Yeah, I sort of alluded to it. So I finally bit the bullet and got some money on there and, and because I just keep looking at the. Which company has the best model end of whatever month. So last month it was end of April and it did end up being Google. So I'm glad I didn't go in then. Right, yeah, you were right. You were right. So what I've done is I've loaded up some money on Polymarket and we're not sponsored by them, by the way, or anything like that.

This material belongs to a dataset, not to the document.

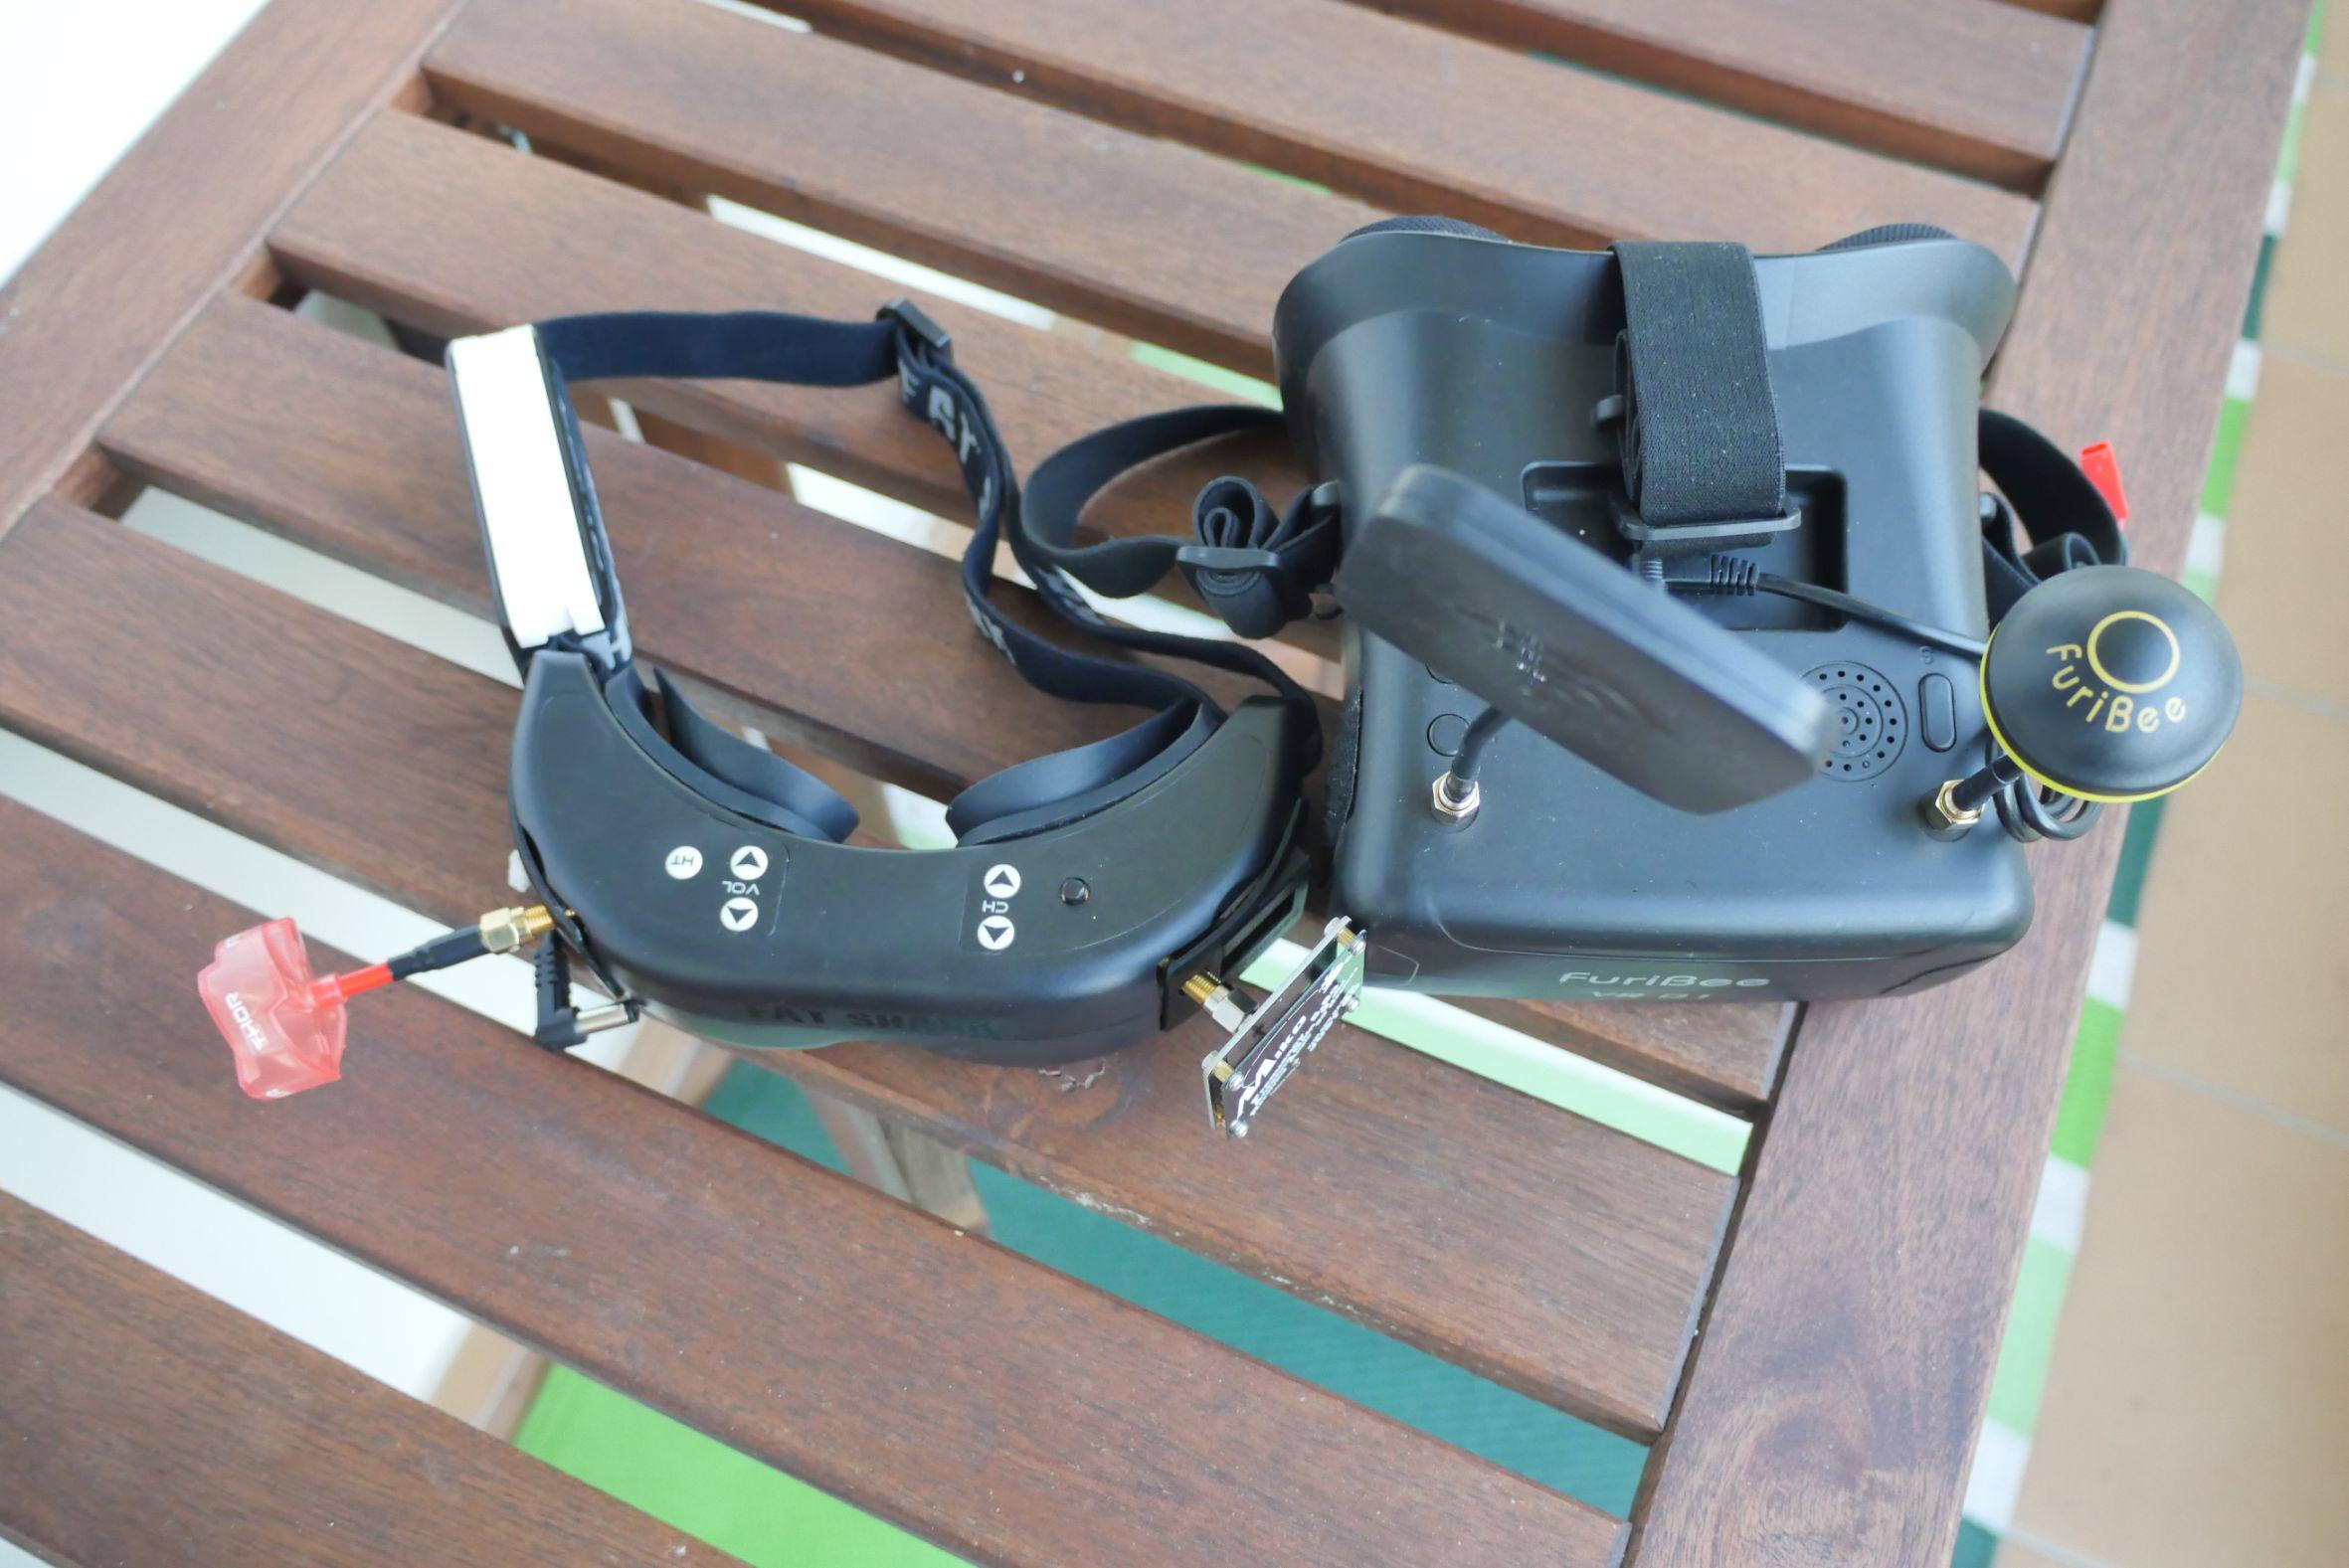 Fatshark Dominator V1 FPV szemüveg teszt – Kiscápa, de nem BMW

It's just interesting to see how the models are tracking. But I was just really, really surprised. So the current stats for the end of May, and it's the start of May as we're recording this, so, you know, the whole month is yet to go. Google is a 65% chance of having the best model at the end of the month, which I think is sort of like the more or less saying no one else is going to release anything this month because, you know, it just seems like they always go slightly better. And also it's interesting because they use, I checked, they use the LM sys leaderboard at the end of the month at like midnight on the last day of the month as the definition. That's how they decide. Google is trending upwards like mad and I just don't understand why. XAI is a 23% chance of having the best model. OpenAI is 7% despite O3 scoring very few like a couple of points below Google on, on the thing. So I don't know. I just don't know. Like I do think Google has the best model right now. I, I definitely agree with that. I just feel like a month is a long time in this space and anything could change. Now keep in mind on this thing, even if someone releases something and everyone gets all excited about it and thinks it's going to be better, you can cash out before the month actually ends. And so I'm going to keep tracking it, see what happens. But it's very interesting looking at sort of the later months and seeing what people think over time. I guess they become less certain as time goes on. But right now Google is definitely leading on there.

A (66:04)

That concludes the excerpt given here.